Friday 8 December 2006

Hired: 1990s

When the Toronto Sun was launched Nov. 1, 1971, there were 62 employees. As the circulation steadily grew, more people were hired in all departments.

This blog will follow employees who were hired in the 1990s, from their first day on the job to where they are today. (Read our The Departed blog tributes to those employees who are gone, but not forgotten.)

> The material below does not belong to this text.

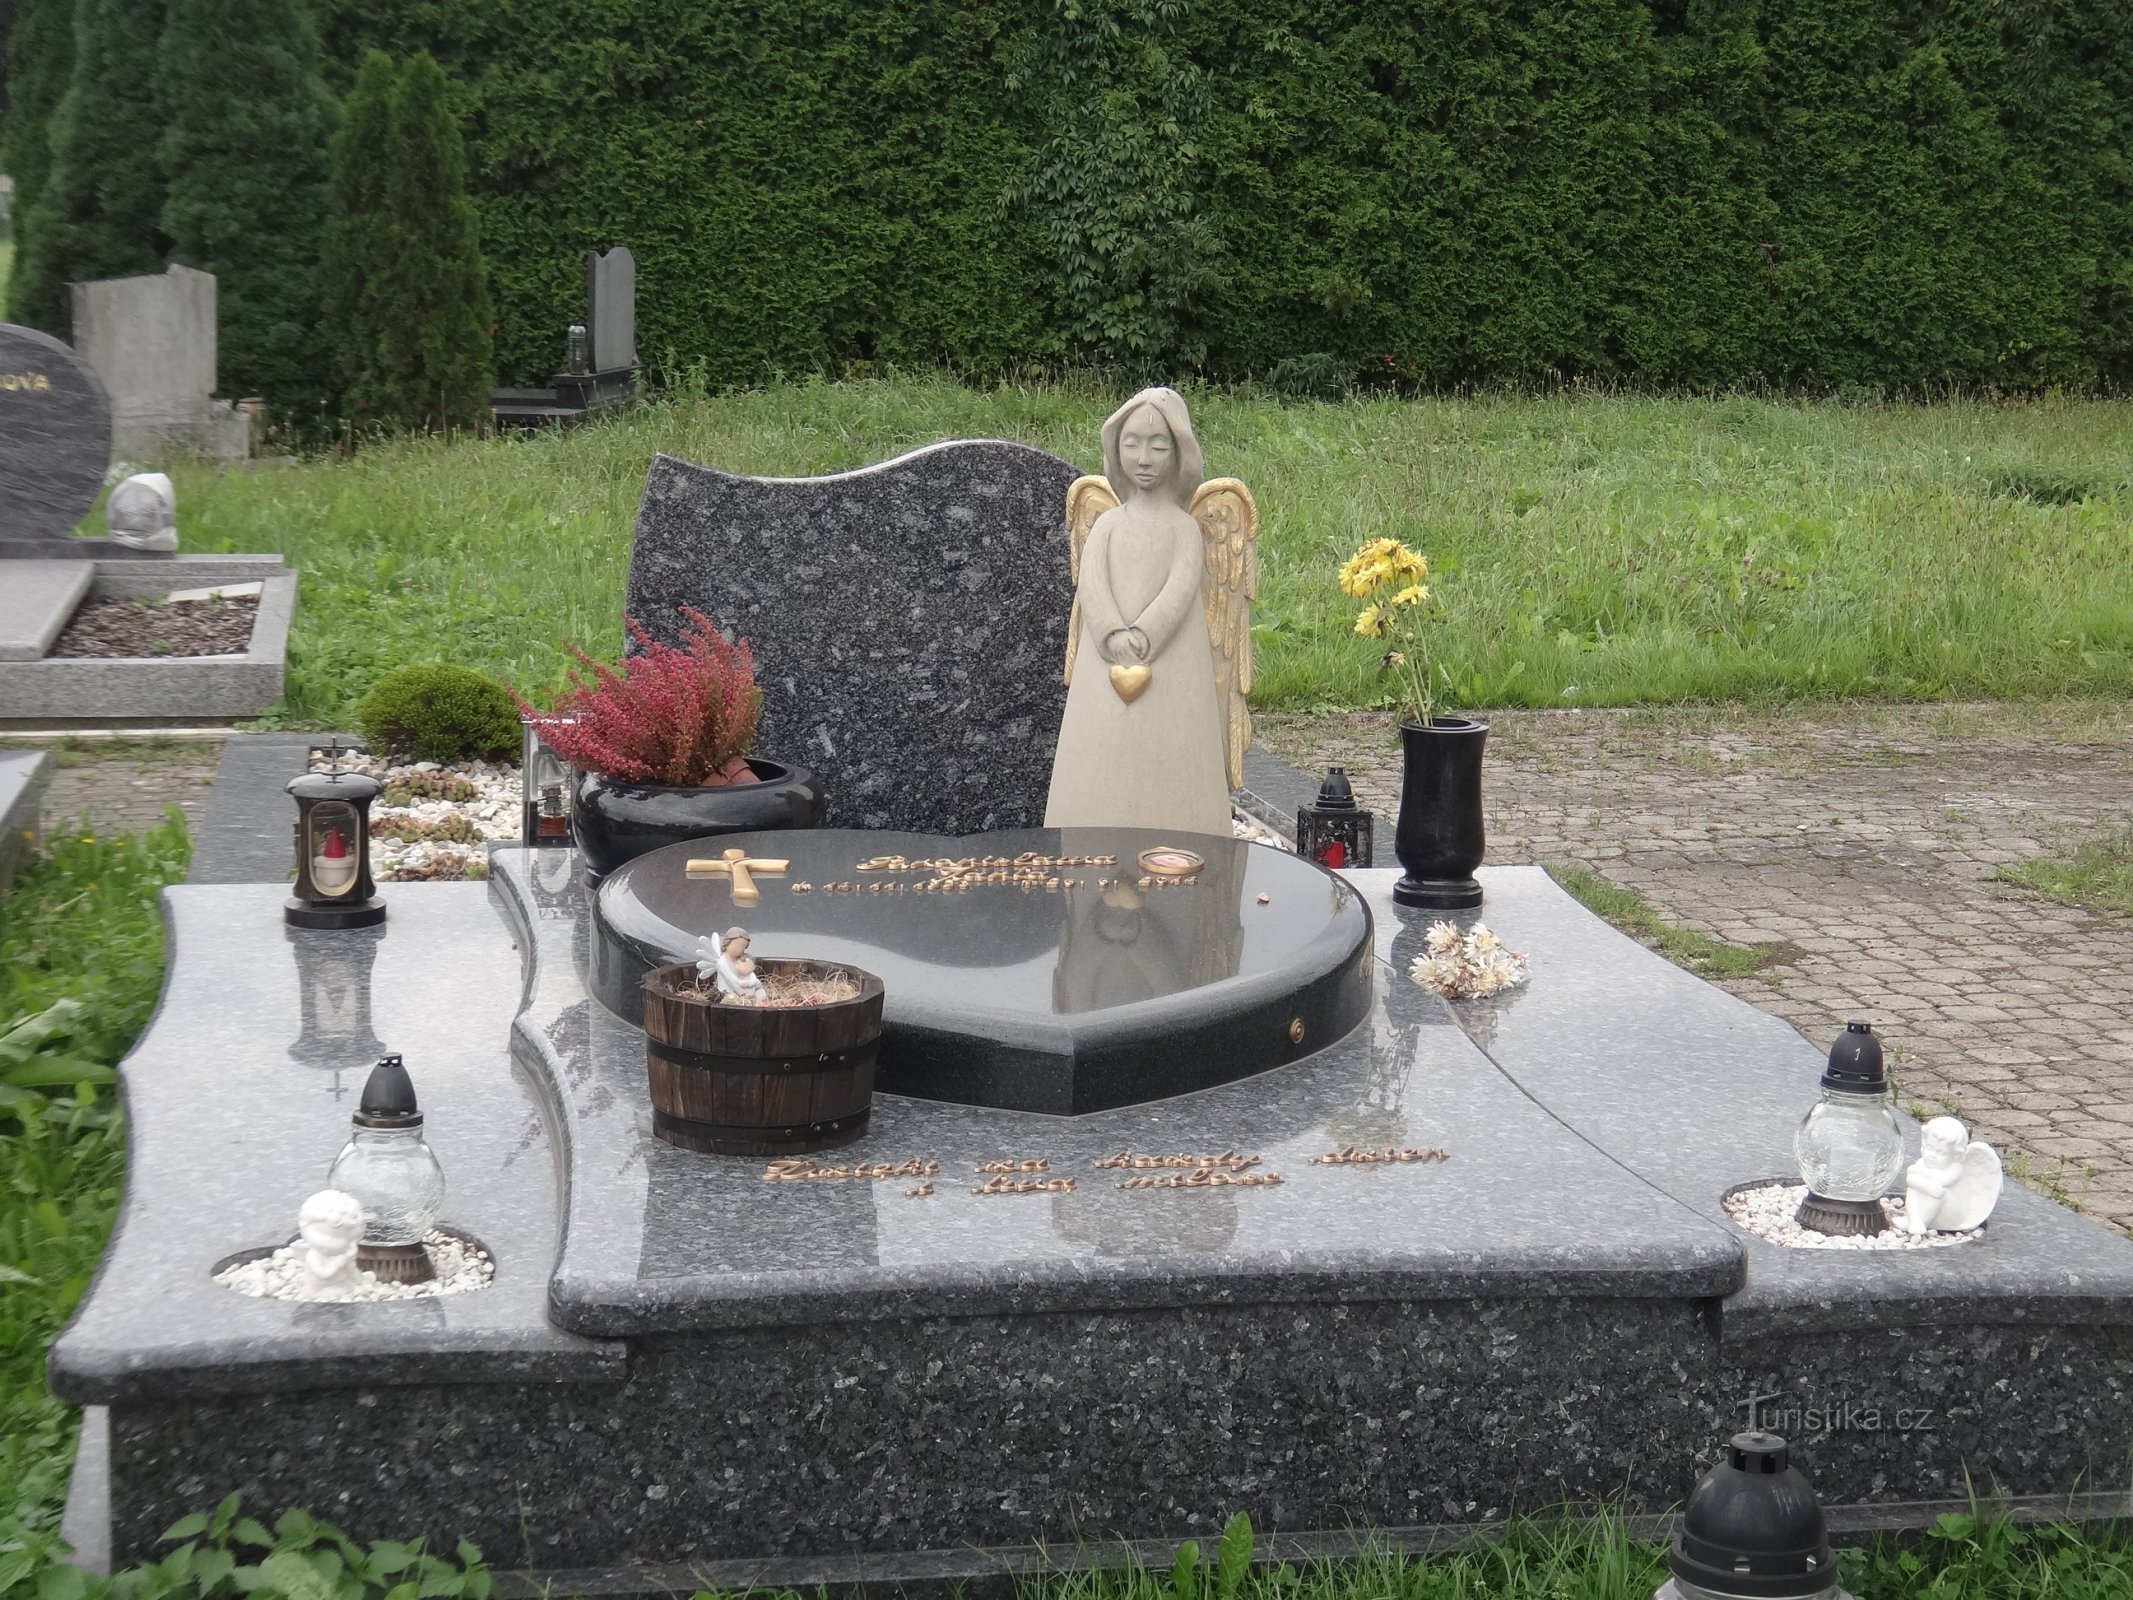 Jablunkov - cemetery

(For 1990s bio and photo submissions or corrections, e-mail us)

The 1990s:

Greg Oliver
1991 - 2001
"Wow. Just got sent the link for the SUN blog and spent all morning revisiting some old friends. I started at the Toronto Sun in the library as a summer student in April 1991 and was downsized at Canoe in December 2001. I was never a full-time employee until part-way through my Canoe journey. While at the Sun, I worked in the library, proofread, worked in Advertorial (My proudest moment? A piece on Adults Only Video. I didn't have the guts to stick a byline on it), worked on the features desk, helped out on the news desk, worked on the graphics desk, and wrote stories for entertainment, lifestyle and Sunday Magazine. In all, I think I counted 13 different jobs just at the Sun. (My wife, Meredith Renwick, freelanced pieces for the books section too when Heather Mallick was there.) I was a Day Oner at Canoe. I can still vividly remember the conversation for my hiring. I was working as a desker in "Section 2" and went to Hugh Stuart and said, "When you go to start this web thing, I want to go with you." "Okay." I am fortunate to stay in touch with a few old Sun/Canoe friends. I work with Wayne Parrish and Jim O'Leary at www.sportclassicbooks.com and www.thesportgallery.com. I also run the pro wrestling section at SLAM! Sports on Canoe. I have had two books published by ECW Press: The Pro Wrestling Hall of Fame: The Tag Teams (with Steve Johnson), and The Pro Wrestling Hall of Fame: The Canadians. A third book, The Pro Wrestling Hall of Fame: The Heels, will be out in May.


Rachel Sa
1998 - 2004 and 2007 -
"I joined the Toronto Sun in 1998 as a high school co-op student from Mississauga. The term, literally, changed my life. I don't know where I would be today had I not landed at 333 King Street East that day. I wrote my first freelance column about the effects of the teacher strikes on student morale and that was it. (I often skipped my last class of the day at high school in order to hang around the Sun newsroom - much to the chagrin of then-editor Lorrie Goldstein.) Those were the days when the Sun still believed in mentoring young writers (and, more importantly, that was when the vets weren't so overworked and had the time to do it.) I remain forever indebted to the likes of Lorrie, Alan Cairns, Bob MacDonald (so sorely missed) Joe Warmington, Bob McConachie and Mike Strobel and so many others who took the time to teach a clueless high school student. I wrote my column, eventually called "On Campus," throughout university and, in 2002, Stewart House published a collection of my columns: "What Rachel Sa - A Field Guide for Parents." (The title came courtesy of Joe Warmington.) After graduating from U of T, I headed north to the Huntsville Forester for a year to learn reporting from the ground up. I served as a municipal reporter and photographer (and became a kick-butt wood chopper and fire starter) for one year before former Sun-guy and then National Post-publisher Les Pyette hired me on at the Post as a summer intern. I wrote for the Post from May to September 2005 and loved it. Alas, at the end of the summer, the Post was firing and not hiring, so I entered the ranks of the unemployed writers. I took a few months to write a novel and work on applications for graduate school. In January 2006, I was hired by Oeb Enterprise consultants as a writer AND accepted to the University of British Columbia's prestigious Master's of Fine Arts program in creative writing. I opted to keep the new job and stay in Toronto and study through distance education. And that's where I am now - over in the dark side of communications while keeping my creative kindling crackling with my MFA work (including a new novel-in-progress.) But I remain eternally grateful to the Sun and my time there. It gave me so much - including my partner. " Rachel returned to the Toronto Sun in May of 2007 as an op-ed columnist.